There are definitely times when having an anonymous blog is a good thing, where you can be completely crazy and not have to worry about the phone calls the next day. This is one of those times.
So here’s the deal: our cat died today. Or rather, we had to put her down because she was suffering and was probably going to die this weekend anyway, gasping for air in front of the kids. The kids bawled their eyes out when we told them. Our cat was 12, which might seem old but up until very, very recently, she would probably strike most people as closer to 6 or 7. She was spry, playful, healthy, affectionate, and lacking in the typical old fat cat tendencies you might expect. She did not look like a cat who would have roughly 10% lung capacity, caused by god-knows-what.
This downturn happened very suddenly. In fact, the downturn started at precisely the time that I began “sitting” with my soulmate MH. MH, the careful reader will remember, is completely incapacitated with Lyme disease and largely isolated because she can’t bear most forms of visual or auditory stimulus. Her friends and family now “sit” with her on a schedule, where she’s in her room and we are wherever we are. It seems to help her.

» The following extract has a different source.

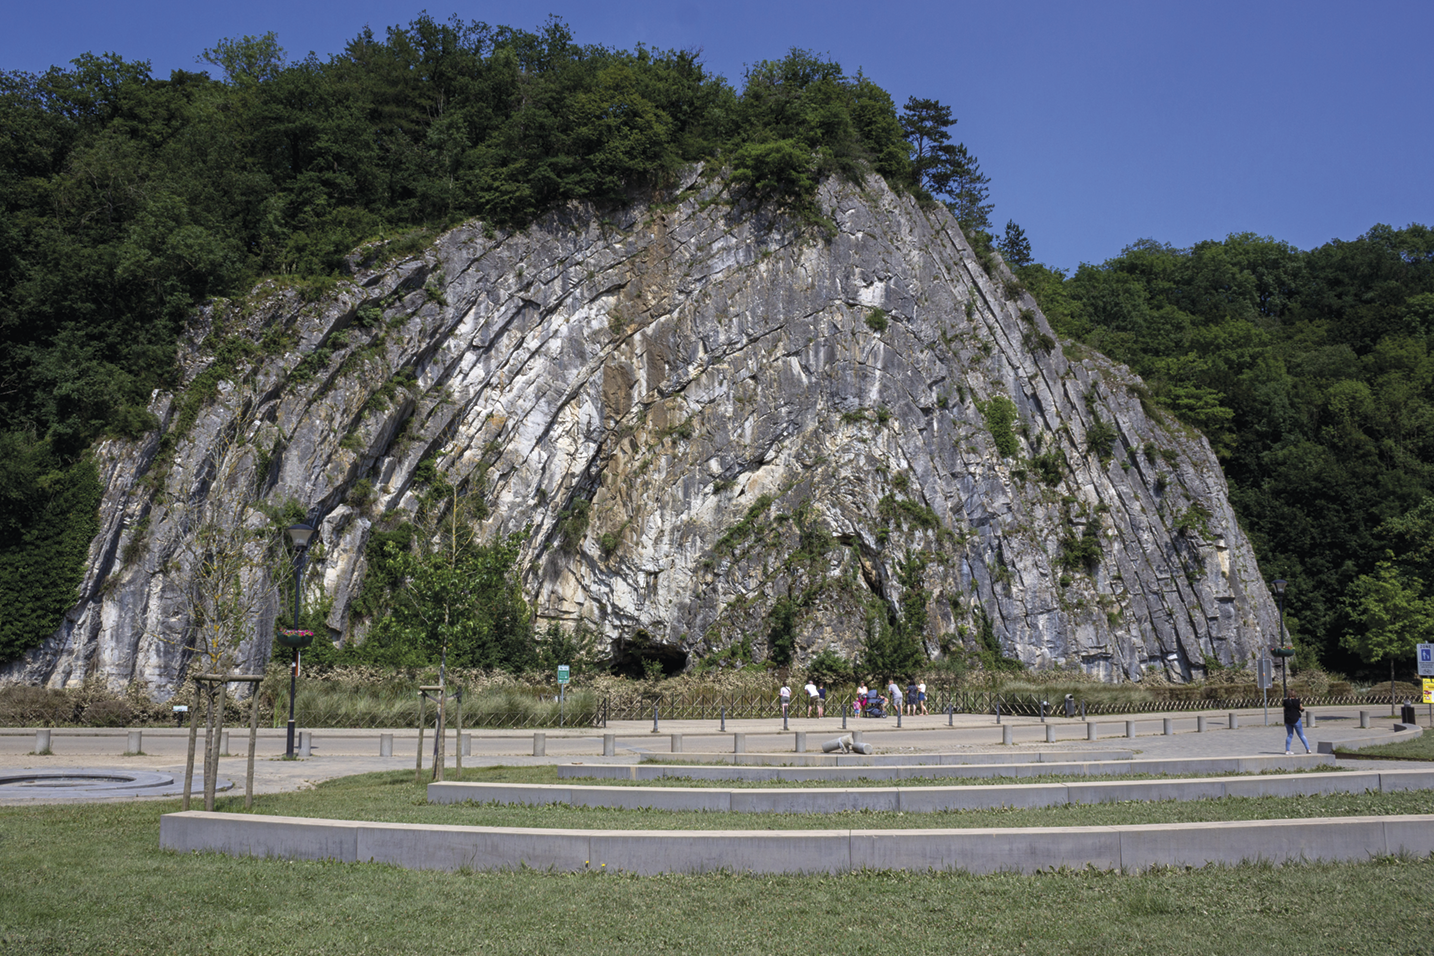 Fotografia. Uma grande rocha com ranhuras e camadas em formato arqueado, com árvores no topo e algumas pessoas a frente.

So here’s where I run off the cliff screaming New Age nonsense. I offerred to sit with her every night while waiting for my son to fall asleep — a 15 minute window that is about the only thing constant in my schedule. I would sit in his room, with my cat on my lap, and try to connect with her across the country in her room. And I could do that, I could really feel her with me most nights.
And here’s the crazy-ass punchline. Suppose, just suppose, that there is some energy being exchanged between MH and I. My cat is on my lap. My cat picks up some of MH’s energy, which — what? — is infected in some way? And causes her lungs to slowly fill up with fluid. I mean, I’m really seriously considering that this might have happened, which should be alarming to me but isn’t. The timing is just too weird. And in this mental contortion, I now have MH leaping up from her bed tomorrow morning, cranking up the music and dancing and running out into the sunshine, because her bad energy transferred out of her and is now resting in a freezer at the animal hospital near my house.
Maybe it’s just the grief talking here. Or maybe it’s — how else can I work something about my dead cat into a blog about sexuality and spiritual growth?
[UPDATE]: I buried my cat this afternoon and tonight I received an email from MH. No, make that two emails now, plus several pictures. This is from someone who has been sending one- and two-word emails because it’s too physically painful to do more. Literally, I have not gotten more than 8 words total in the past several weeks. But tonight’s emails — well, we’re now up to 64 words.
Coincidence? I don’t know, but that’s not going to stop me from freaking out about it just a little bit. Is she cured? No — but how many pets would it take for that? I don’t know, but I think I’m going to hold off on getting another cat for a while.